Now, the above statement has as general a validity as the one that fixes the sum of the internal angles of a triangle: that is, it is a logical-probabilistic derivation which, in its conditions of application, cannot be contradicted. Despite this, however, it is interesting to note that this statement contains nothing that could allow us to make detailed predictions about an evolutionary trajectory: does not establish, in particular, the criteria that establish which varieties of a certain species are capable of leaving a greater number of fertile descendants. This characteristic is determined by the interaction between the characteristics of each individual and the circumstances in which he finds himself living and reproducing; that is, it is the daughter of the phenotype (and therefore also of the genotype) of an individual and of the particular environment in which it finds itself conducting its existence.

Now, both the varieties that are produced in each generation in a population, and the conditions in which they will find themselves living, are strongly conditioned by the case. The weight of chance in the environment can be limited in some periods, for example in stable ecological conditions in a certain geographical area, so as to generate constant selective effects, but in any case the variety of individuals that appear in each generation is random (also considering that the mechanism of many spontaneous mutations is quantum), therefore we cannot know in advance what kind of individuals will turn out to be the most suitable, even under stable environmental conditions. In these stable environmental conditions, we can at most predict that individuals endowed with certain functions will be selected, and therefore that a population will tend to evolve traits capable of performing these functions; however, we cannot know which traits will actually be evolved, nor when, nor, at the molecular level, how, except in retrospect.

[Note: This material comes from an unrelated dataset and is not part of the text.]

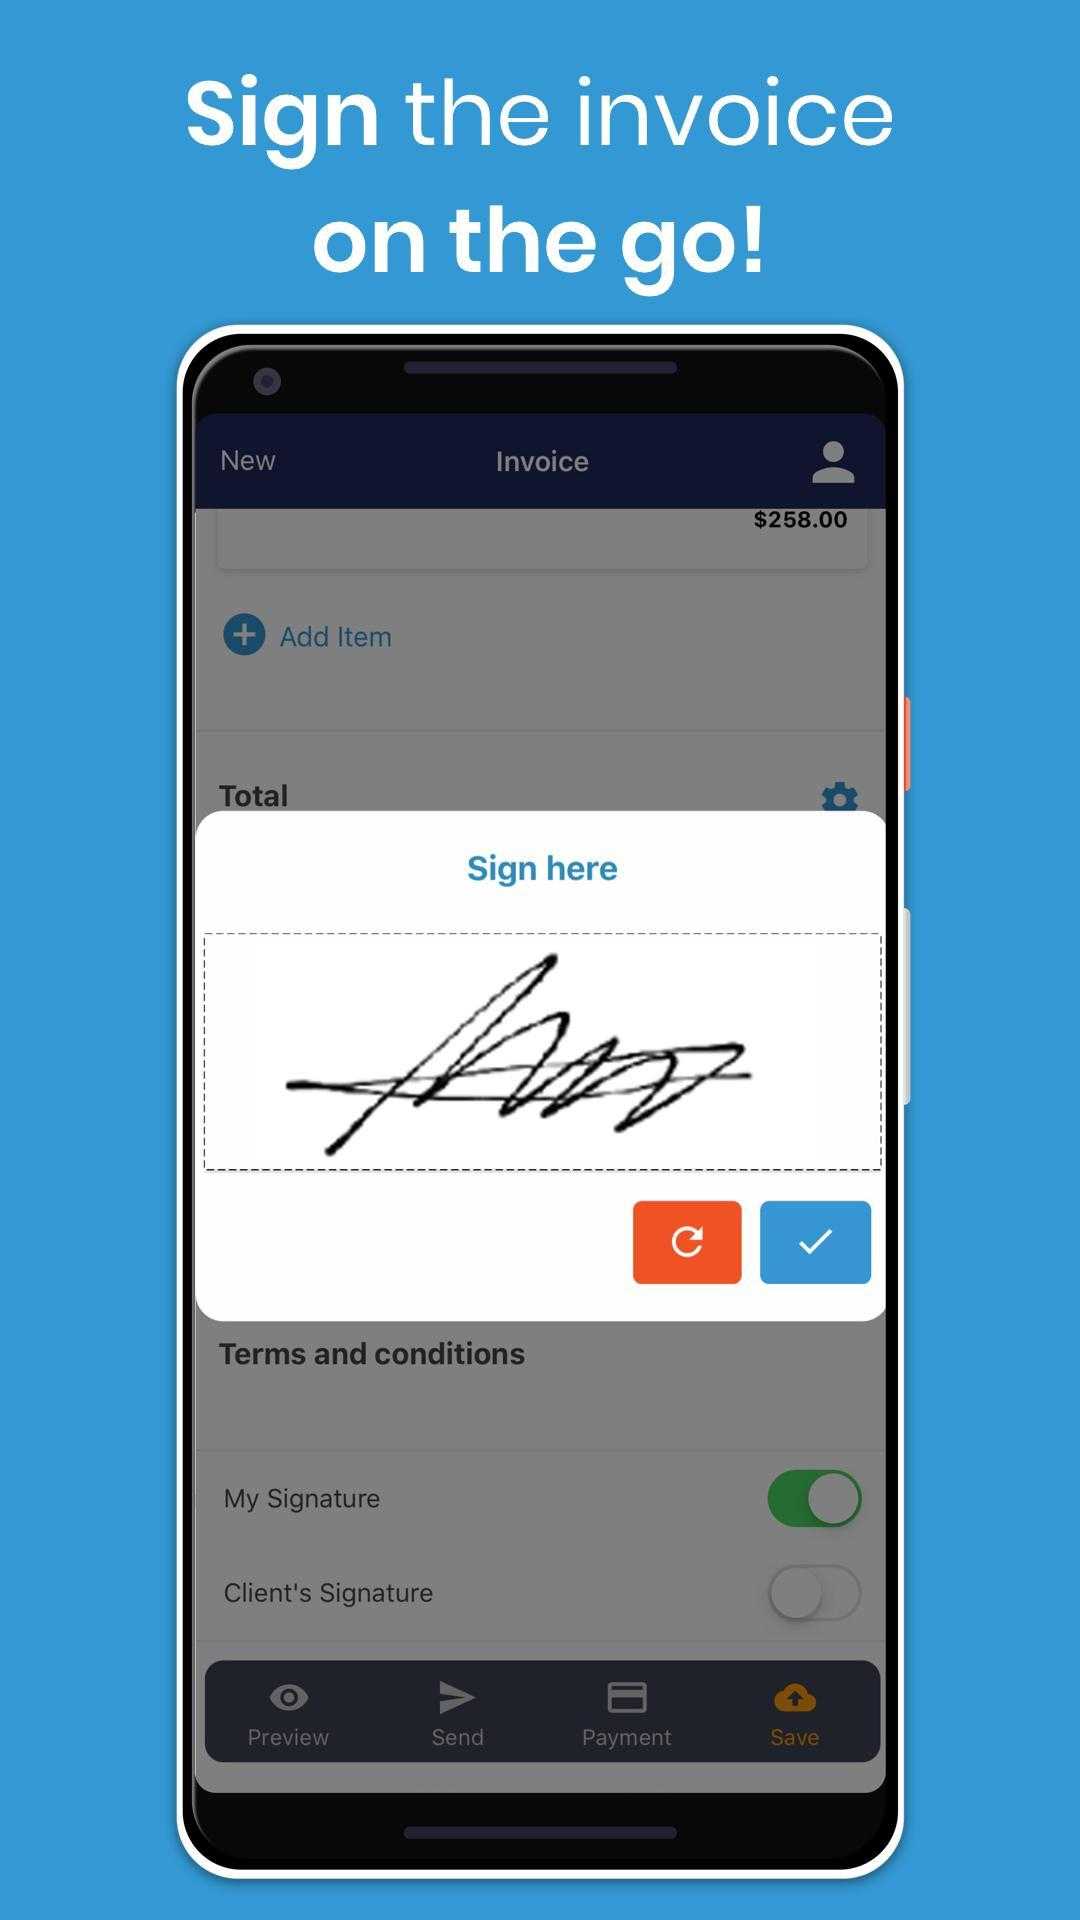 Free Invoice & Estimate Template Generator For Android – Apk Intended For Free Invoice Template For Android

In fact, however, geologically speaking, environmental and selective conditions are stable for long periods of time an exception: the simple evolution of new species would be and is already sufficient to drastically change the ecological panorama (think of the appearance of a new parasite), and in addition climate, catastrophic changes of all kinds, random colonization of new environments, arrival of alien species and a myriad of other events of a historical and therefore casual nature all contribute to the selective forces of history varying over time. This is not to mention the purely stochastic effects of sexual selection, which can even be counter-adaptive, of the random exchange of genetic material between organisms of every living kingdom and of a thousand other mechanisms that randomly increase variability or change direction equally randomly. of the selection. So here’s why a deterministic law, such as the one that explains the evolution of a population of individuals with a limited life cycle on the basis of the reward selection of the best reproducers, can only be used to illustrate the functioning of the engine at work in nature, but not the roads it will travel in generating the incredible variety of forms that live and are lived.